Netflix: Grace and Frankie, 5 motivos pra assistir!

Recentemente Lívia Forte escreveu sobre séries aqui e mencionou Grace and Frankie. Pois bem, coloquei na minha lista, mas confesso que ao ver a foto de duas senhoras, não me empolguei. Achei que não era pra mim. Claramente fui preconceituosa.

Em janeiro eles mudaram as capas do seriado, e uma delas era uma foto de duas mulheres jovens. Eu, bem bocó, achei que podia ser a história de antes das duas.

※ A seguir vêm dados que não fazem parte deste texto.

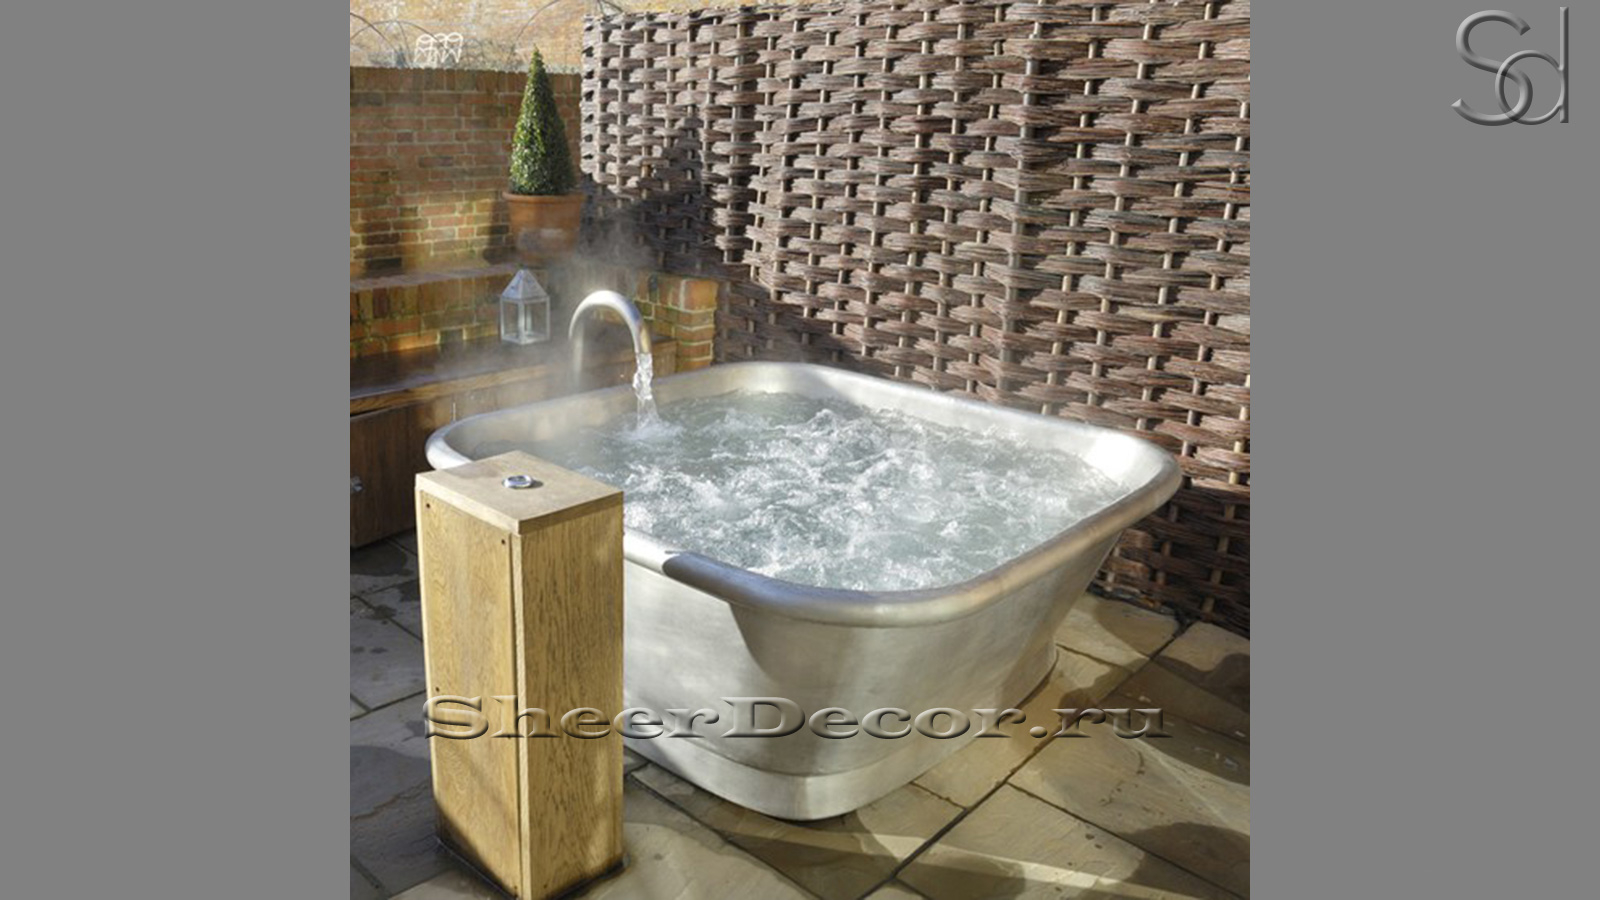 Эксклюзивная бронзовая ванна Сubo Chrome Bronze 735303651 производство ИНДОНЕЗИЯ_1

Resolvi dar uma chance e dei play. Quando pisquei havia assistido o primeiro episódio inteiro, e morri de rir. Chamei meu namorado para me acompanhar e fizemos dessa série algo pra nós dois.

Não demorou para a turma aumentar. Agora vemos eu e ele, meu pai e minha mãe, que também se divertem demais.

Então agora venho aqui falar um pouco de Grace and Frankie. Uma série que entra em tantos pontos do #paposobreautoestima que nem sei por onde começar.

1º motivo – Muitos talentos reunidos em um só lugar.

Eu sei que é quase uma redundância falar Jane Fonda e boa atriz na mesma frase. Mas além dela, Lily Tomlin e todos os outros personagens são sensacionais. E não para por aí, afinal, o roteiro também é maravilhoso e trabalha questões familiares de todos os tipos.

São 8 histórias dentro de 4 principais. E isso garante com que todos os tipos de dramas e desafios de uma família apareçam desenhados com graça, leveza e seriedade. Muitos talentos reunidos não poderiam resultar em nada diferente.

2º motivo – a ideologia.

Sem falar em feminismo ou usar palavras da militância, o seriado coloca de forma bem clara a importância de olhar pro papel da mulher na sociedade. Traz questionamentos fundamentais pro cenário atual, mostrando pontos de vistas diferentes, mas complementares.

Num cenário onde duas mulheres de pensamentos tão distintos se unem, a gente, do outro lado da tela, é quem aprende. Ao longo das 5 temporadas ficam muito claras questões desafiadoras do envelhecimento das mulheres, algo que já teve até post por aqui. Elas falam disso com humor mas não deixam de abordar as temáticas mais importantes do mundo contemporâneo.

3º motivo: nunca é tarde pra recomeçar, mudar e ser feliz.

Isso vem junto com uma desconstrução de crenças que carregamos sobre a velhice que, na prática, são diferentes daquelas que nos foram ensinadas. Envelhecer não deve ser sinônimo de ócio à espera da morte, deve ser tempo de se conhecer, se conectar, se redescobrir e se reinventar.

4º motivo: o foco na homofobia

Esse é um dos motivos mais sérios, e acredito que a série dá uma aula do peso das consequências da sociedade homofóbica em que vivemos. Mostrando o que pode causar viver uma relação de fachada para agradar os outros, que pode diferir do que você é ou sente, mas tem medo de admitir. Afinal, o medo do julgamento está presente em nós devido ao inerente pavor que temos de não sermos aceitos.

Eu amei como a série conseguiu mostrar todo esse peso de fingir ser outra pessoa pra poder conviver em sociedade. Com leveza, bom humor mas muita seriedade e reflexões.

5º motivo: sororidade

Hoje em dia é comum vermos essa palavra sendo usada para definir empatia entre mulheres, mas em muitos casos, na prática ela só vale entre iguais. Isso é, mulher querendo exercer empatia com a outra que partilha da mesma verdade, julgando quem não pensa parecido.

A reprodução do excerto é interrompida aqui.